"It doesn't do any harm to write; then when we go to see them they will know who you are."

"Are you telling every one about me?" The question came with a touch of anger.

"Why, yes, what else should I do? You have to tell something of your past, and how much better to have it known so that there will be no questioning. I assure you every one will be most considerate. Your story, with the legacy left you, has a touch of romance; and what a pretty name, too, 'Hertha,' Is it German?"

"Perhaps."

"Please excuse me," the Boston woman said as she moved apologetically toward the door, "I shouldn't have come in for I know you're tired of all our talk, but I had a new idea and I wanted you to hear it."
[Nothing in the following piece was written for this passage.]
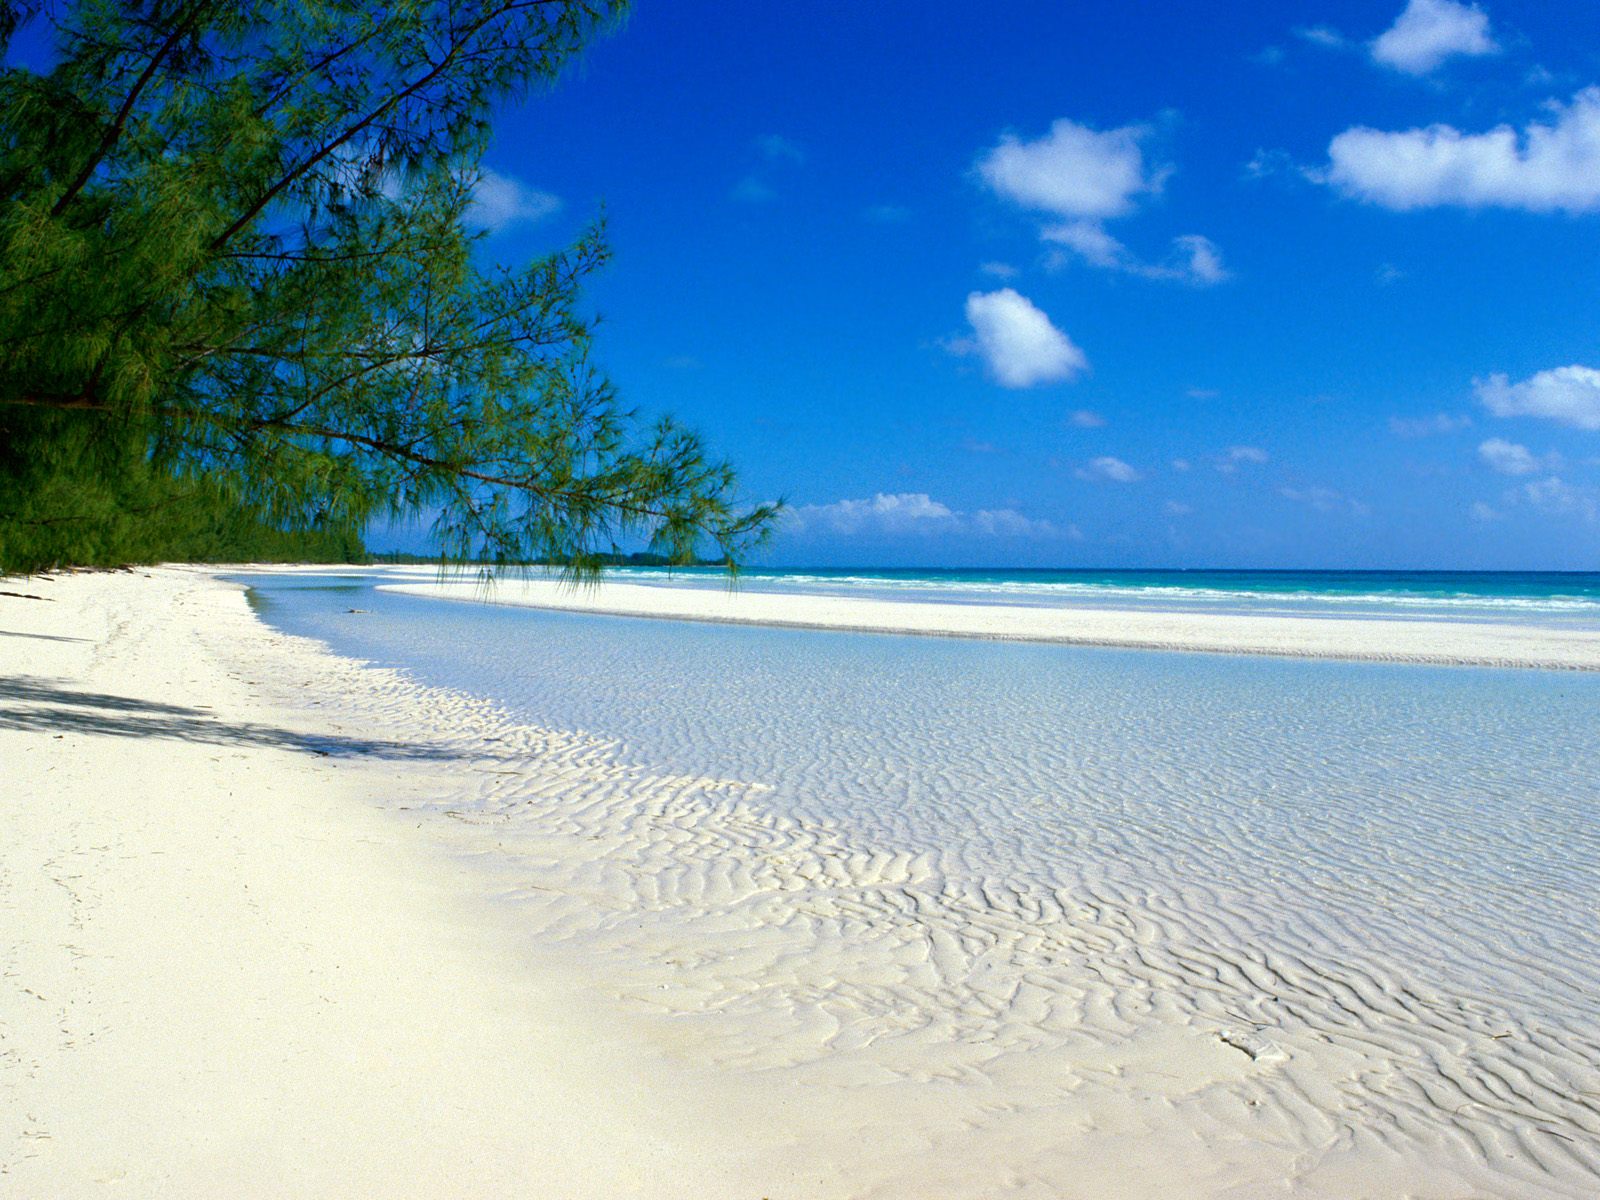 http://4.bp.blogspot.com/_ZVl3g4WfT_M/S93k9JC8gII/AAAAAAAAD1I/6QvZpQNtN7Y/s1600/bahamas+beach.jpg

She looked pleasant as she spoke and Hertha smiled back, but when the door was shut the girl threw herself face downward upon the bed. It was a new thought to her that people would know her story, and she resented it. It was partly to escape the story that she was leaving here, and now she was to be discussed and pointed at in Boston as the white girl who grew up among Negroes. Instead of escaping from her past it was to follow her into the land where she had expected to be free.

Another knock at the door. Hertha rose slowly, and without opening, called, "Who is it?"

"Jes' me, Miss Hertha."

She opened, to find the cook, Pomona, outside.

"Some one wantin' ter speak wid you, Miss Hertha."